Output, exactly and with no pictures, the line that contains "CraftsCollection.in -Beige Tussar" and every line that comes after it in the data below, the last one included.

Data excerpt ::

• • • • • • •

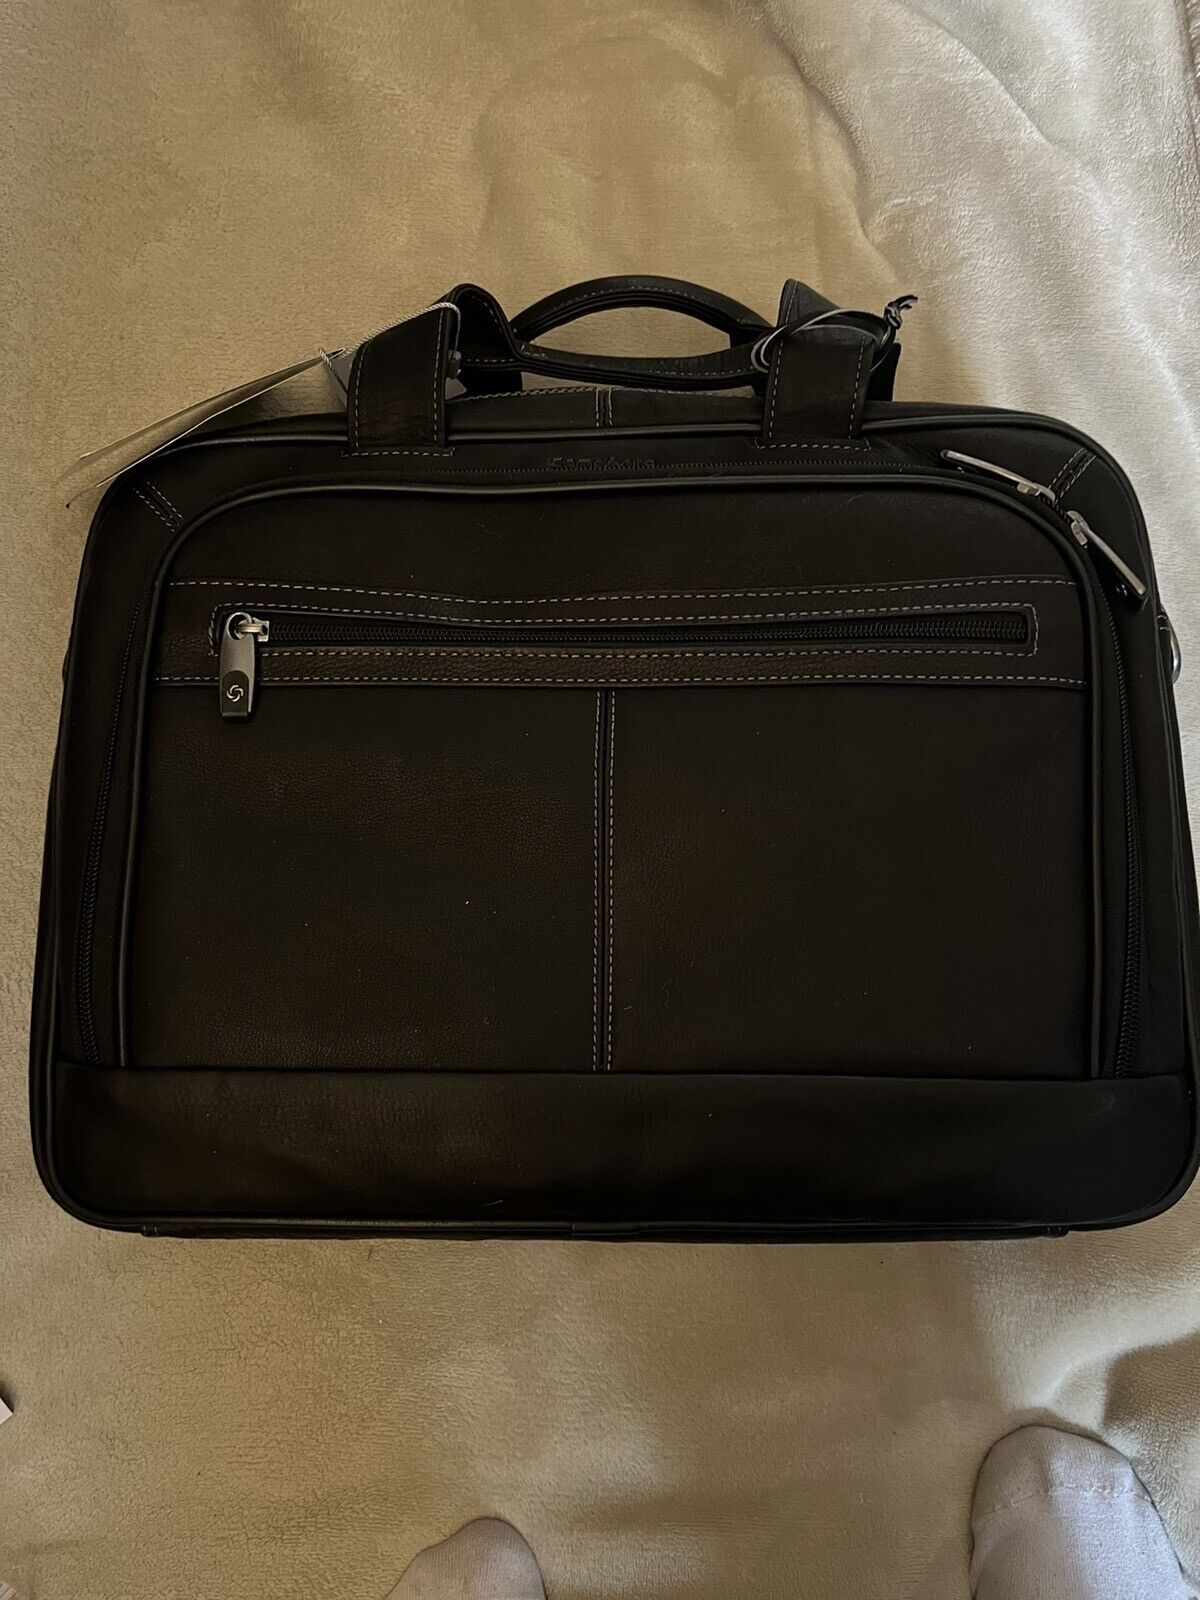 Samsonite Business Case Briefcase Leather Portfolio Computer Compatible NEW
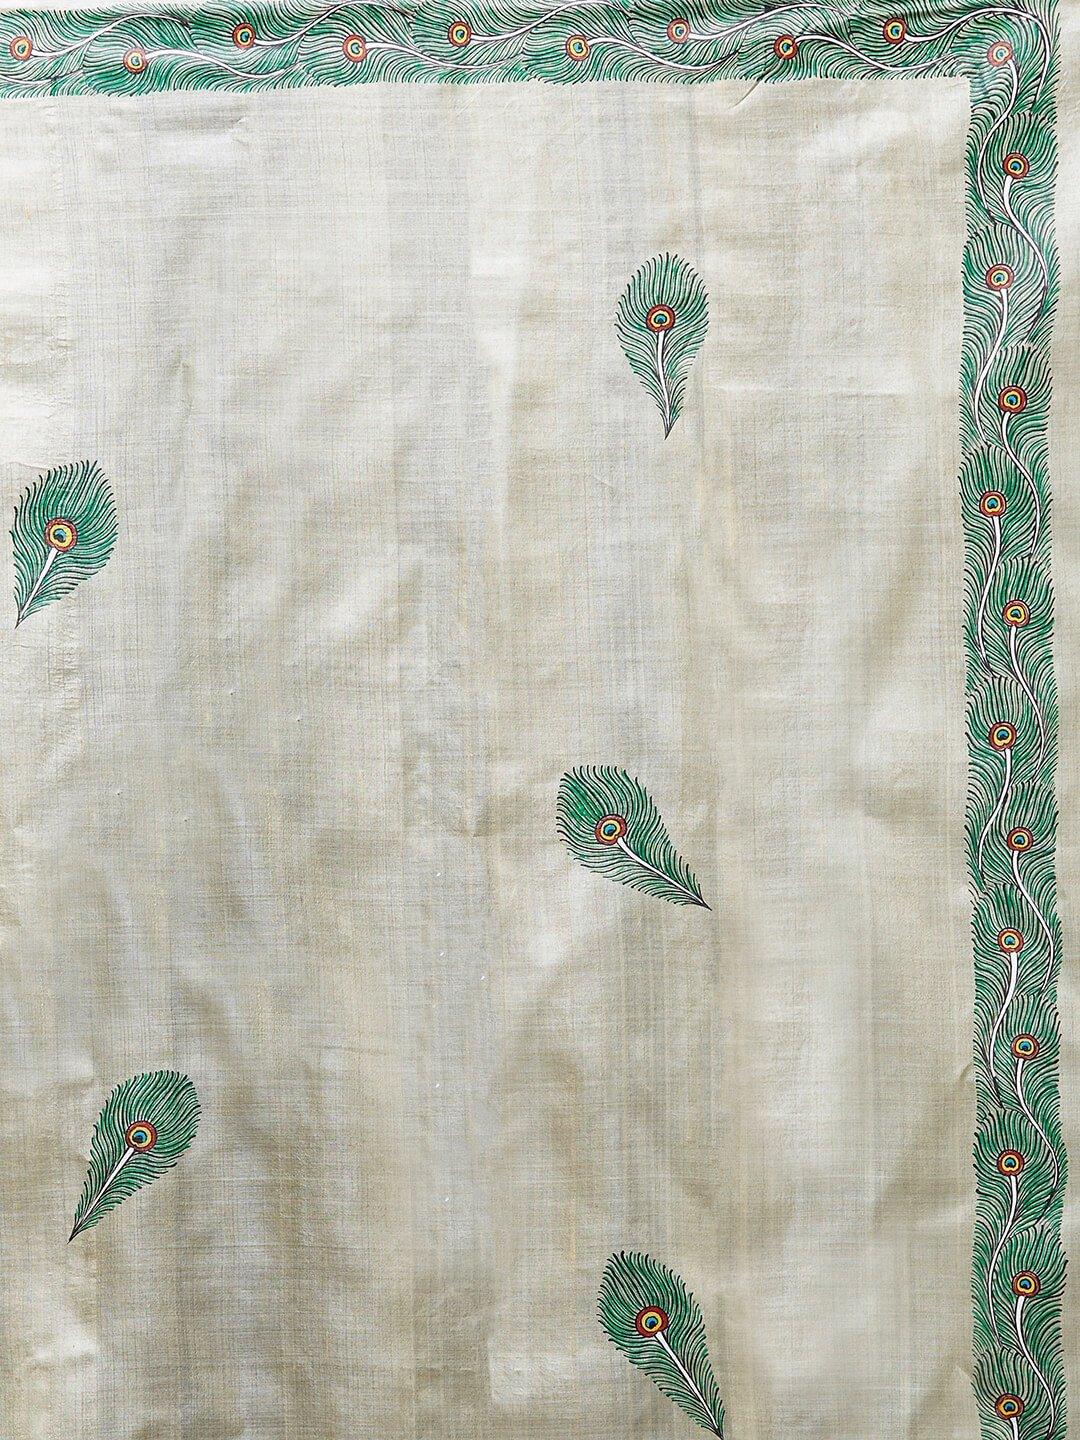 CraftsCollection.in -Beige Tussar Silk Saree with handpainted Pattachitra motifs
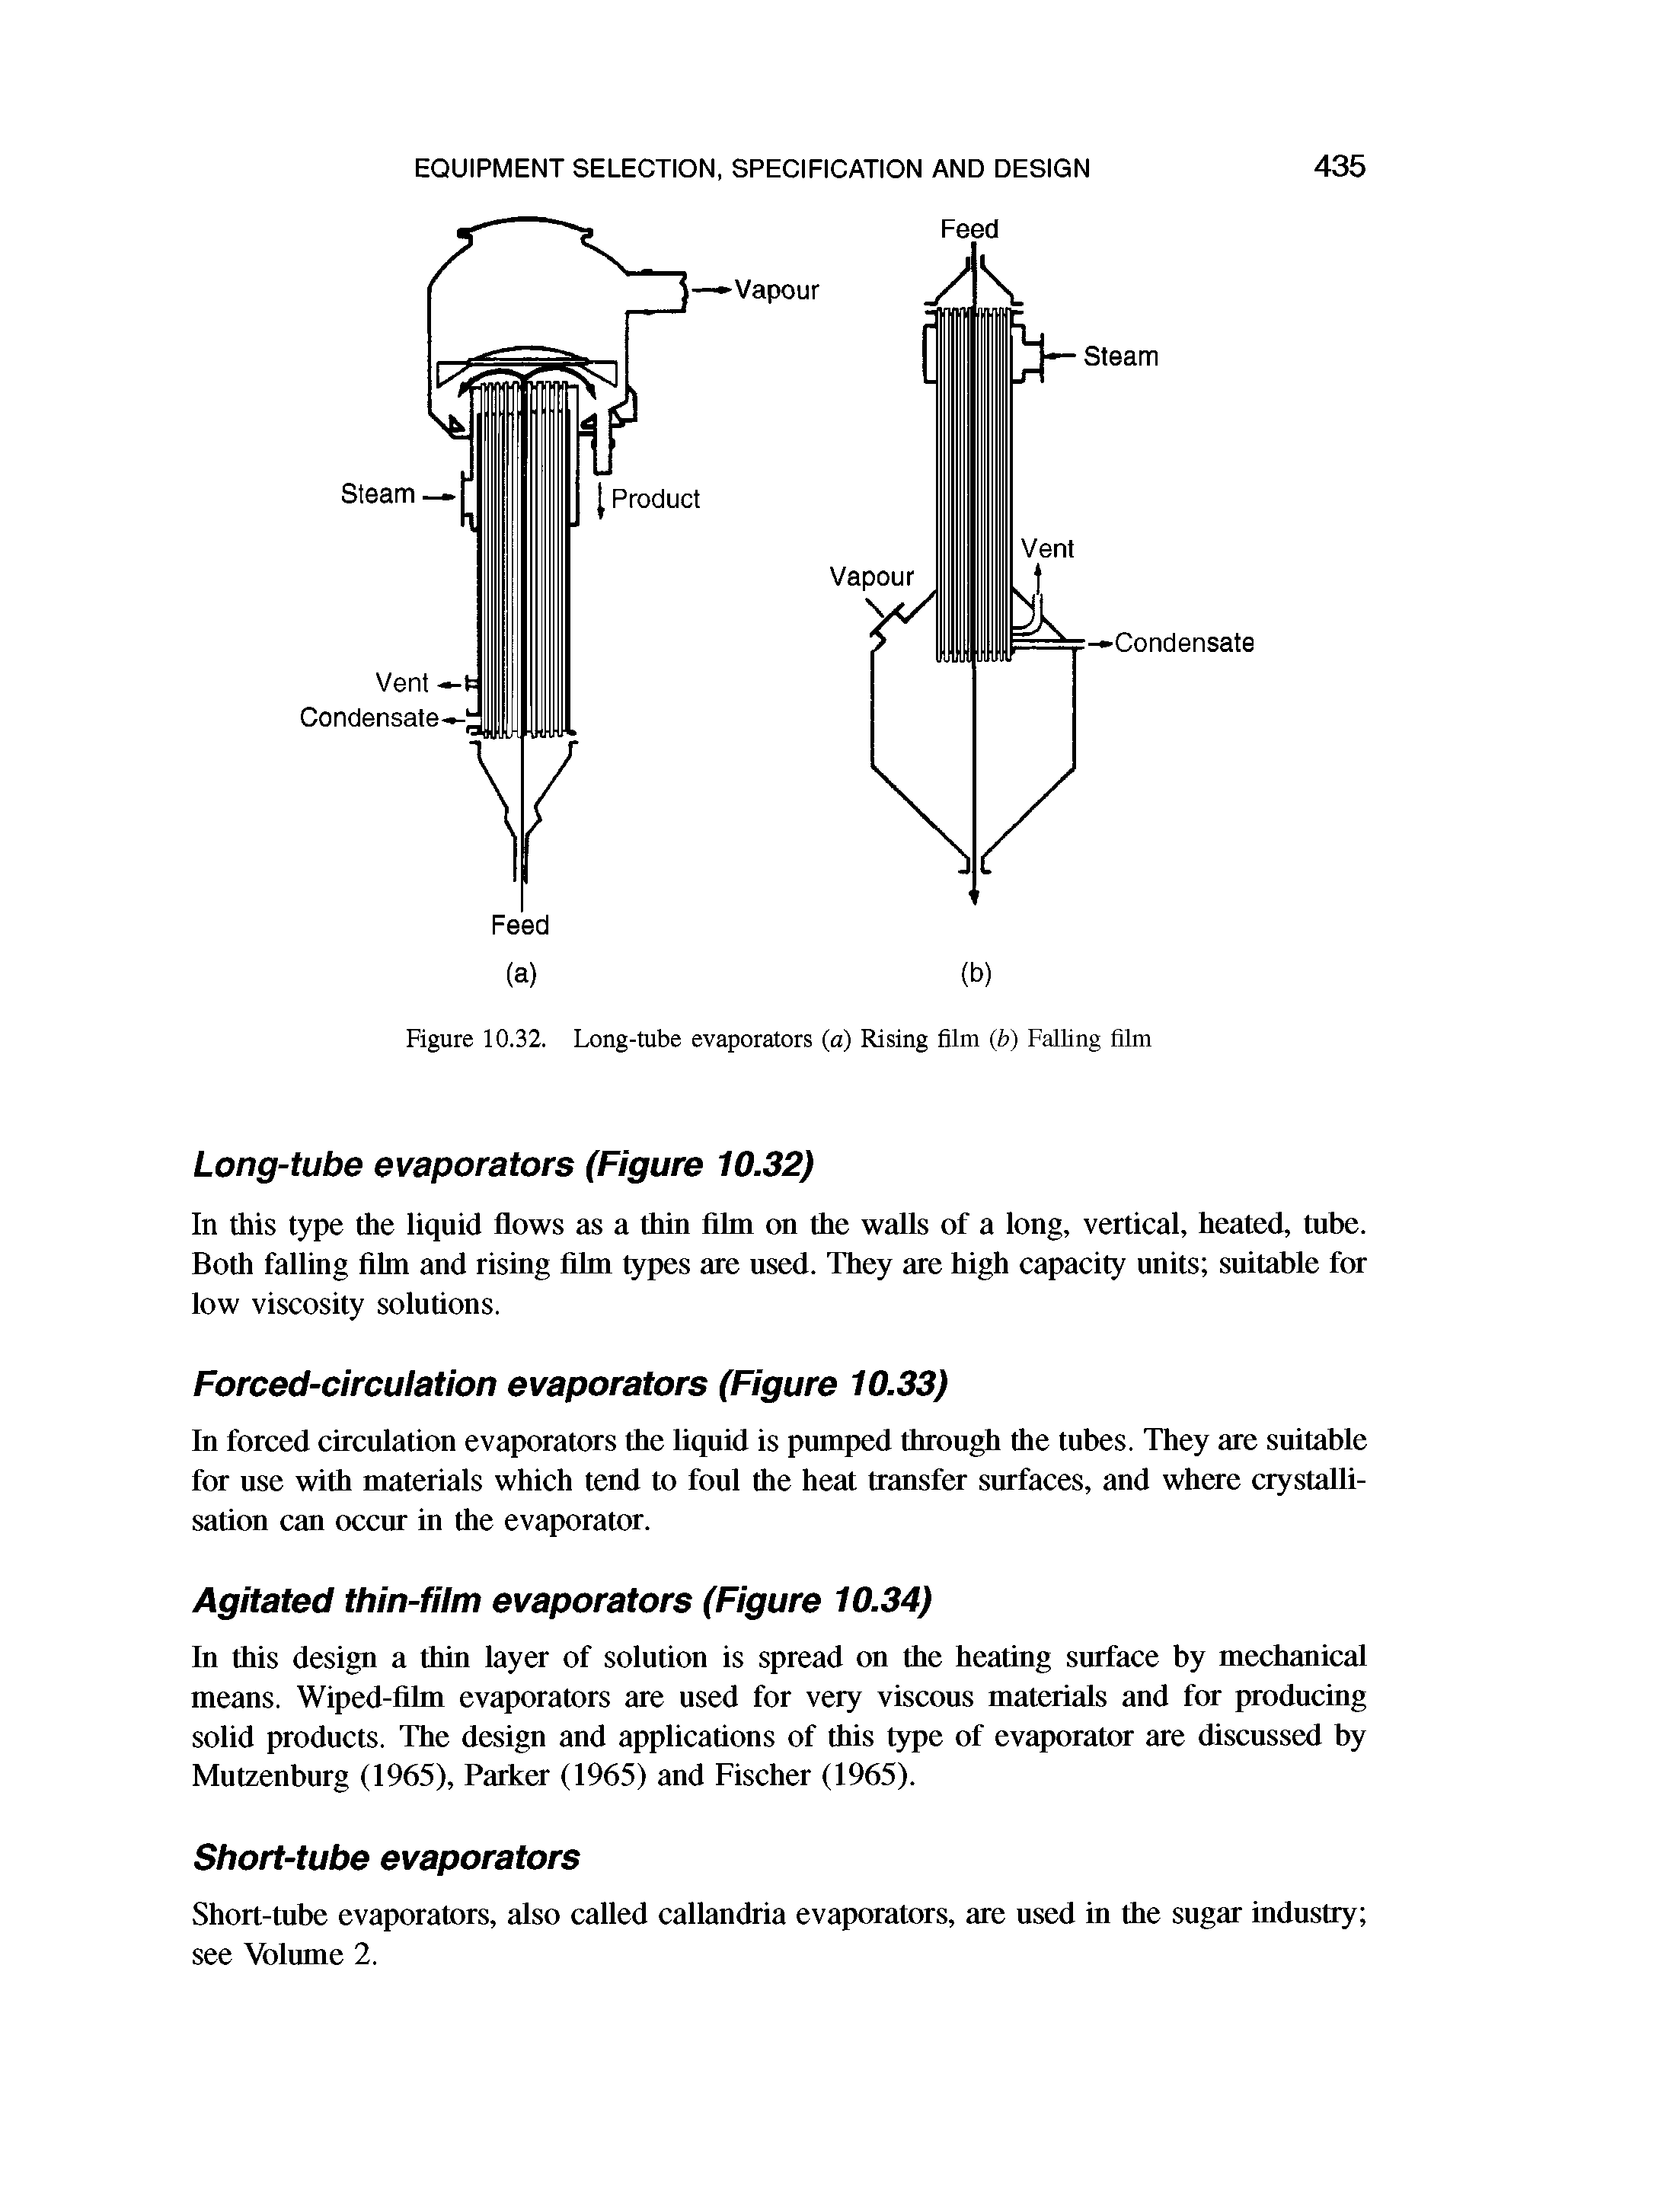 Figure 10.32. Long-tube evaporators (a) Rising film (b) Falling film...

• • • • • • •

Exercise response ::
 CraftsCollection.in -Beige Tussar Silk Saree with handpainted Pattachitra motifs
 Figure 10.32. Long-tube evaporators (a) Rising film (b) Falling film...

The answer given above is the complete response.